§ **DESCRIPTION OF THE TASK**: From the listing below, copy only the lines from the line that contains "Masinuta Rastar BMW X6, 1:43, Alb" to the line that contains "Buy Sectional Garage", counting those two lines as part of the copy.

§ **PROVIDED INFORMATION**:
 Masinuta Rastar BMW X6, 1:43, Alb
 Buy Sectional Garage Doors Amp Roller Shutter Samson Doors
---
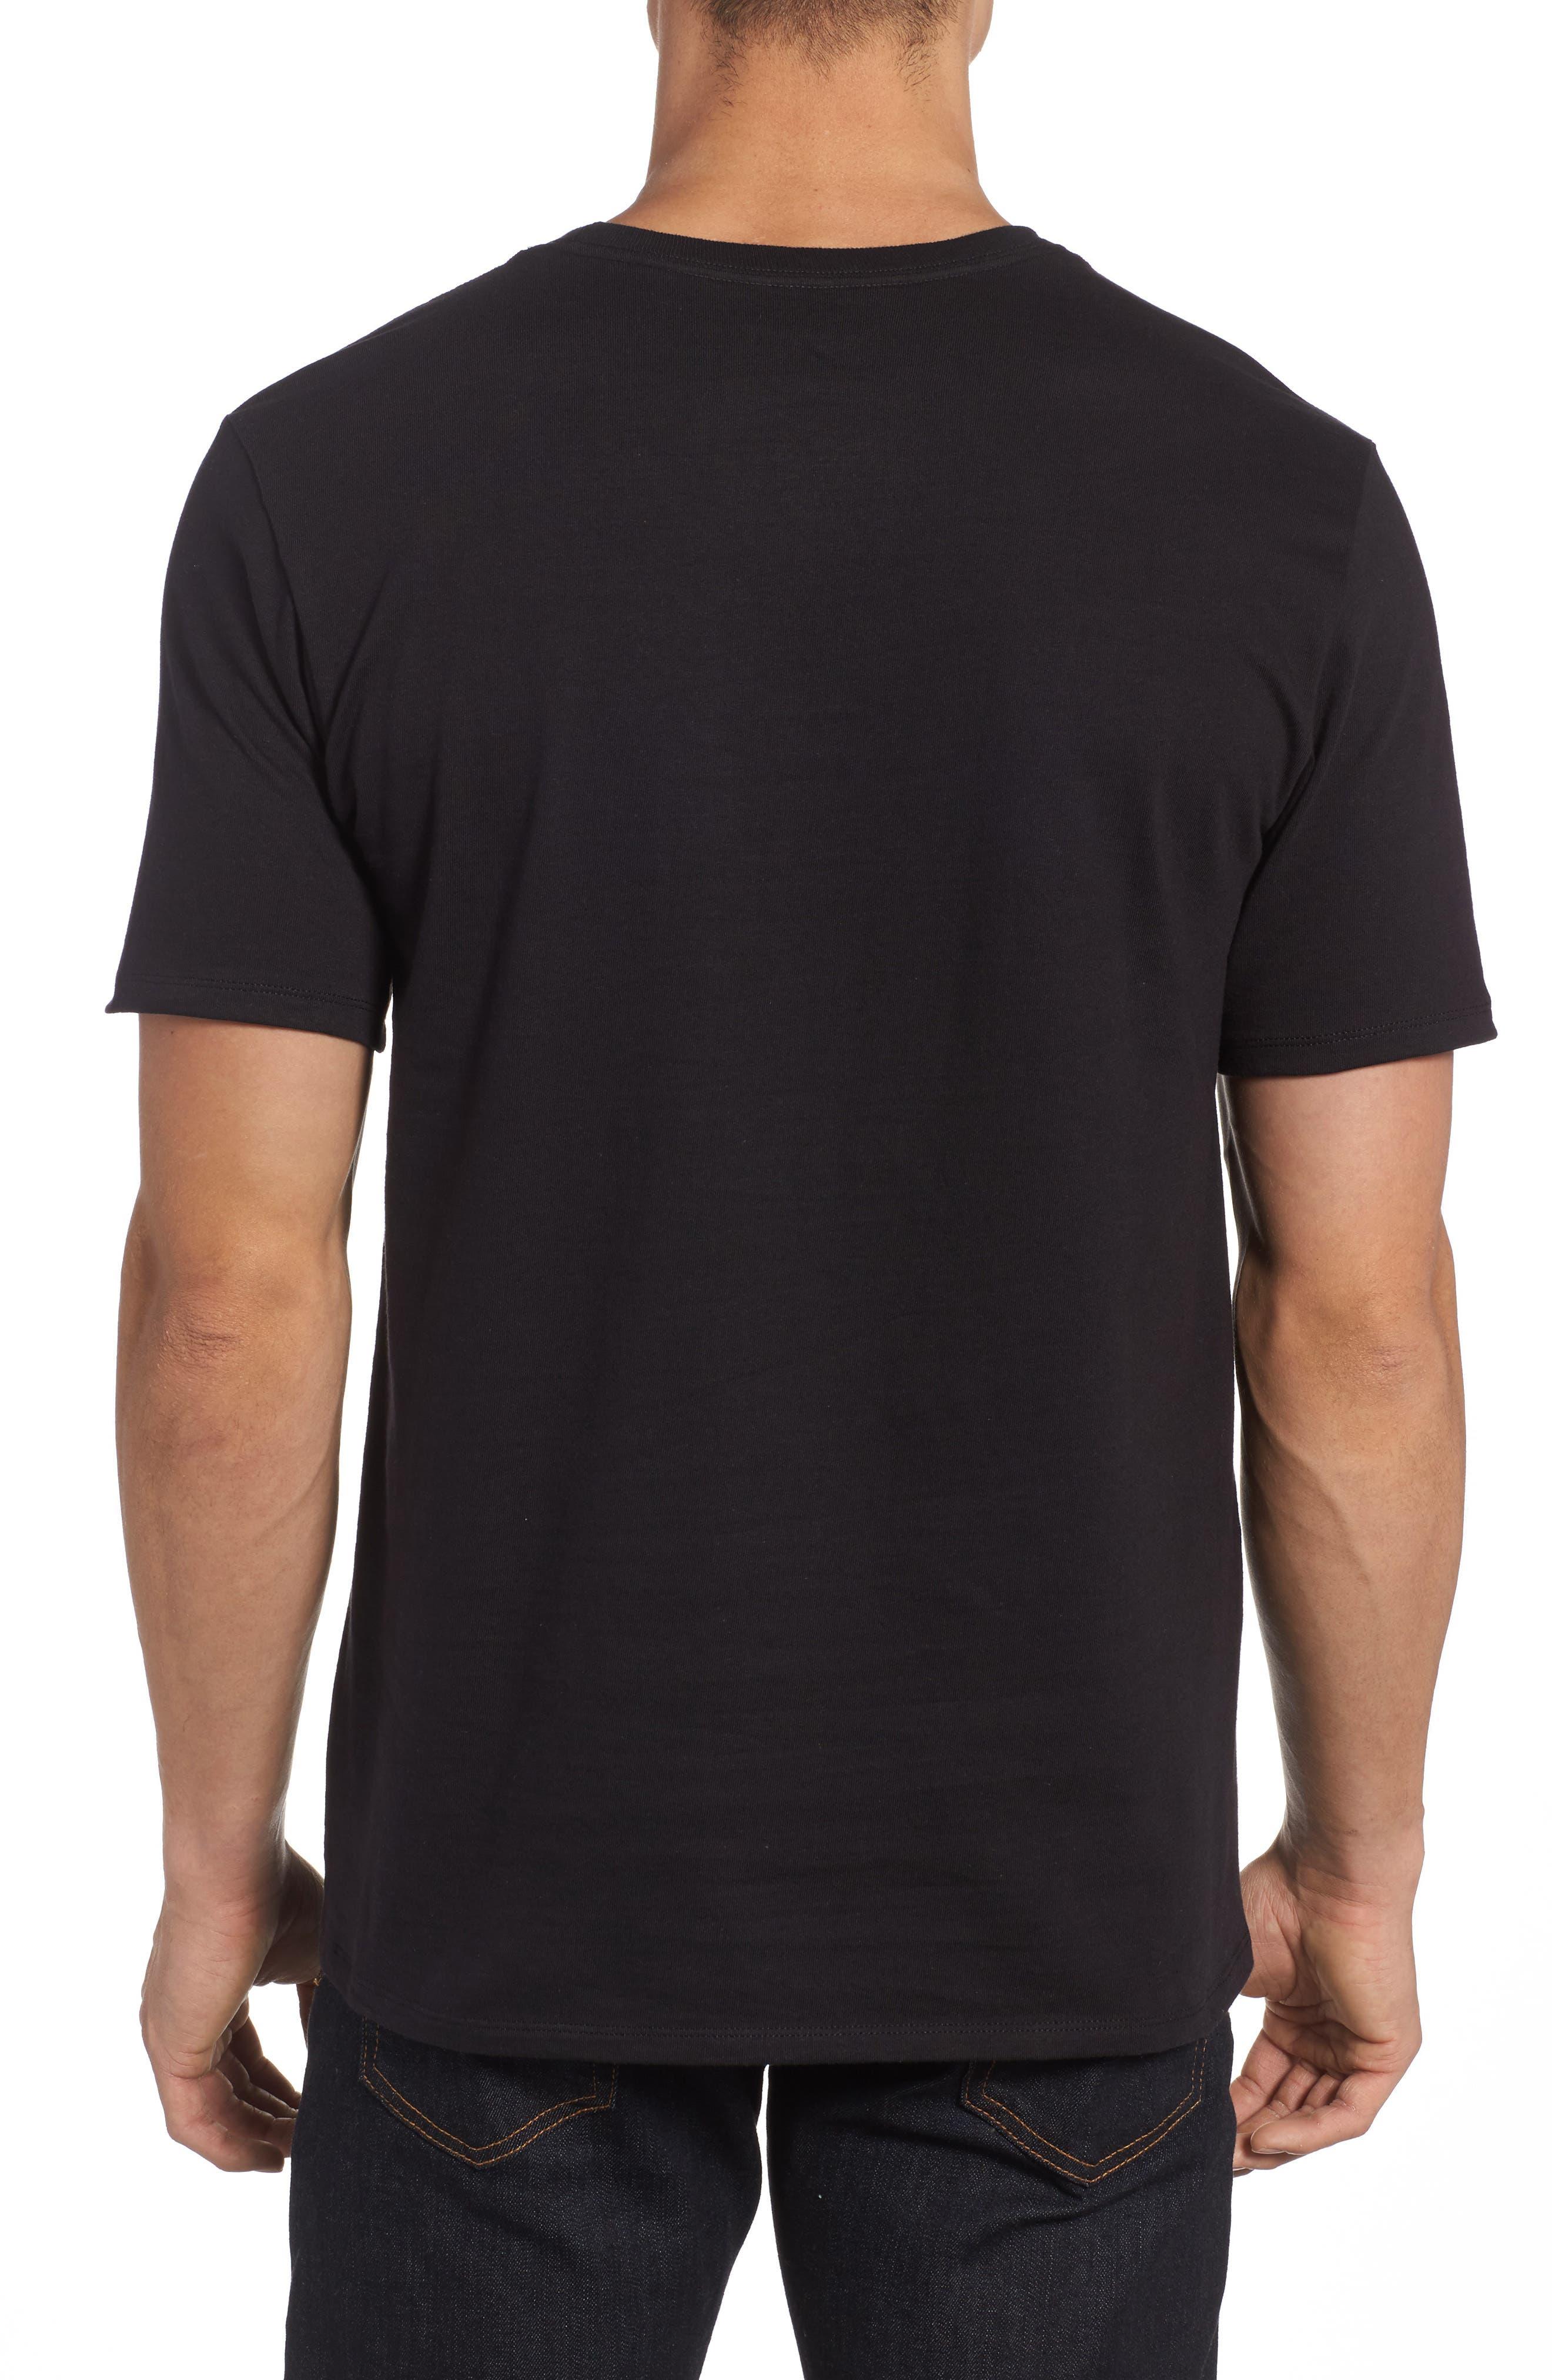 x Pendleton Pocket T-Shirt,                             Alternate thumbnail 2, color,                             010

§ **WRITTEN SOLUTION**:
 Masinuta Rastar BMW X6, 1:43, Alb
 Buy Sectional Garage Doors Amp Roller Shutter Samson Doors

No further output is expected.